- _Records contained in a dataset_:
━━━━━━━━━━
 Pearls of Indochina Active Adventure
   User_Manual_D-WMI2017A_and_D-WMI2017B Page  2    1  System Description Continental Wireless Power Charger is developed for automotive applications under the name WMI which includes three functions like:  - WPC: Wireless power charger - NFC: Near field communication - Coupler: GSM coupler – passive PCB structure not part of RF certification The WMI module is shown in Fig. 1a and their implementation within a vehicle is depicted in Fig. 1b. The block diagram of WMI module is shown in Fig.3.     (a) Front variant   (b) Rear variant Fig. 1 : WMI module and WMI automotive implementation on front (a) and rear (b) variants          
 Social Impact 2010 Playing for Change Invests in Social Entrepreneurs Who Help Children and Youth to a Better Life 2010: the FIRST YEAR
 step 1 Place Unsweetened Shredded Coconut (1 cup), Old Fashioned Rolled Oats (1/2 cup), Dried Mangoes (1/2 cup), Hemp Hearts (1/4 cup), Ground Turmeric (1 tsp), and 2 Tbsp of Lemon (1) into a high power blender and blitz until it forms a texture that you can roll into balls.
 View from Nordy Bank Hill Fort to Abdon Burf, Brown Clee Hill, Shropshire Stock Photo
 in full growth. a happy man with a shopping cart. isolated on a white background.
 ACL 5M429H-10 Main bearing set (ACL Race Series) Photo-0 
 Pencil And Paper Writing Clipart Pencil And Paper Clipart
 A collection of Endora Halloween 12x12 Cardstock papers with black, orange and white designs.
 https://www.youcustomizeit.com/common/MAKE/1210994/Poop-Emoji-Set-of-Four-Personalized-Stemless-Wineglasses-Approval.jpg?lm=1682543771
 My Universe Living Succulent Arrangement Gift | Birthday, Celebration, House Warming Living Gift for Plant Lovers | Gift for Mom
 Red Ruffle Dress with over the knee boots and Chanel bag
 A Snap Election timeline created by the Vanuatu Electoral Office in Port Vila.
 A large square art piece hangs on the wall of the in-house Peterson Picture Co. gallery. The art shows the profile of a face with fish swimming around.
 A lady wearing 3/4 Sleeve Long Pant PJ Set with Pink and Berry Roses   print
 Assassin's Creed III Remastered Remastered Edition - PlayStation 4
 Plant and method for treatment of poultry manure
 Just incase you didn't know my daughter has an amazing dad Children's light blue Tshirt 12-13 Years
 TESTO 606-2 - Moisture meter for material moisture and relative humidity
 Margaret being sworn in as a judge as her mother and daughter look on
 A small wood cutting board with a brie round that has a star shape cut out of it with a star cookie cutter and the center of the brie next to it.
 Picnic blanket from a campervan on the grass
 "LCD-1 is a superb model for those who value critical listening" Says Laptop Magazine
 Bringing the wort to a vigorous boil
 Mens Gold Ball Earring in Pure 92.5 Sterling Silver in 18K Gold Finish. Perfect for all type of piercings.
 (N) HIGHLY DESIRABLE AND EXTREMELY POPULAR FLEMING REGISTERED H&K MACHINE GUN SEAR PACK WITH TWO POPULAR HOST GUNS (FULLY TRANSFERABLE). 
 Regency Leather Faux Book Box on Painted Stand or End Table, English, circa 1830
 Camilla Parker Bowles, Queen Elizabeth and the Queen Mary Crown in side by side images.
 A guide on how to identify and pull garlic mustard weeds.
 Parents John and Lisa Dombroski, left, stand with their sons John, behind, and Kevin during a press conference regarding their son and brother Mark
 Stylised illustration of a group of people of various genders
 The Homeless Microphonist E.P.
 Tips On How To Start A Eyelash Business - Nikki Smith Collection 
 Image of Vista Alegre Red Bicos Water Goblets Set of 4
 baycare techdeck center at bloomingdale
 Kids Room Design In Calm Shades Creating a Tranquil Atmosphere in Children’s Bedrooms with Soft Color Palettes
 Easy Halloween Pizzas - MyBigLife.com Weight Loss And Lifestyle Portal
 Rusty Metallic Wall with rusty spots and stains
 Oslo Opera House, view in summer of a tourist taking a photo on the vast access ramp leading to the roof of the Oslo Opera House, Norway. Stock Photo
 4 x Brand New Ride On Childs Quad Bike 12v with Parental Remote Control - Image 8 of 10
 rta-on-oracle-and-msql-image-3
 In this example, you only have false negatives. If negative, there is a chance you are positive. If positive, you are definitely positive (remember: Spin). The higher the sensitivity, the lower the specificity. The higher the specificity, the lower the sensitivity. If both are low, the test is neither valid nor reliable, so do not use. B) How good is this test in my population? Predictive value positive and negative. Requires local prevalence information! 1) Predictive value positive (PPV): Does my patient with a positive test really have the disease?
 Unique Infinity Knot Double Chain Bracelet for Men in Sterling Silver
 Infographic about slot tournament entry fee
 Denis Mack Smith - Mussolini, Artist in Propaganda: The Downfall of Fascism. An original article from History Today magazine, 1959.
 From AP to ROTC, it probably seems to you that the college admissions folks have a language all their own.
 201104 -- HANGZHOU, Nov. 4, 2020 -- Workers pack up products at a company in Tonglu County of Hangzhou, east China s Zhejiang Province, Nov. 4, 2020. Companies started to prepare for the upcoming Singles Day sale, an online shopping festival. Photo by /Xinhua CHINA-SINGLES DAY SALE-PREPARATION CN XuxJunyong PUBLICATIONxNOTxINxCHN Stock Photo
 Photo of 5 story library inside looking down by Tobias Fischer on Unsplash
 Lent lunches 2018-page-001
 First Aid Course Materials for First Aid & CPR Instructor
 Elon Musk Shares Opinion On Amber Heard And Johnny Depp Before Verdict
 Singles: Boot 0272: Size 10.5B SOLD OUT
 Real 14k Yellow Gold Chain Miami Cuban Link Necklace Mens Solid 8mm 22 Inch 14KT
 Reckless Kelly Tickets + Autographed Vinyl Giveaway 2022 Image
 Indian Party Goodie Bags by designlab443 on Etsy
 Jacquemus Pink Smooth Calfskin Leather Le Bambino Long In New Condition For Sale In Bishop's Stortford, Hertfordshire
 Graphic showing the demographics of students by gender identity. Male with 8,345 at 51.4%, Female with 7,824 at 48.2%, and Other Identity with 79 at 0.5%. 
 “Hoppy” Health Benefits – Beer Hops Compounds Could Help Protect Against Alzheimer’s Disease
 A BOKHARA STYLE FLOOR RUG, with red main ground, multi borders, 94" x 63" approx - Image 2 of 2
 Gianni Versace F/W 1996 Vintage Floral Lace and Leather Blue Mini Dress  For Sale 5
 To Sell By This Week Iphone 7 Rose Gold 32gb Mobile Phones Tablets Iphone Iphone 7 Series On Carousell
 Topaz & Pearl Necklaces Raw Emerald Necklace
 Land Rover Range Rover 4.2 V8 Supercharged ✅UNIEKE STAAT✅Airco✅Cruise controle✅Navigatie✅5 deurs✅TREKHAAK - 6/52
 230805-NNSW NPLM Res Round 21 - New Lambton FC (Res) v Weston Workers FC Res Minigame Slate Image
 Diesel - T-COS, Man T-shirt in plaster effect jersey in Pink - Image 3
━━━━━━━━━━
- _Work instruction_:
Scan the records above. Return every line with "Series" in it.

- _Task result_:
 ACL 5M429H-10 Main bearing set (ACL Race Series) Photo-0 
 To Sell By This Week Iphone 7 Rose Gold 32gb Mobile Phones Tablets Iphone Iphone 7 Series On Carousell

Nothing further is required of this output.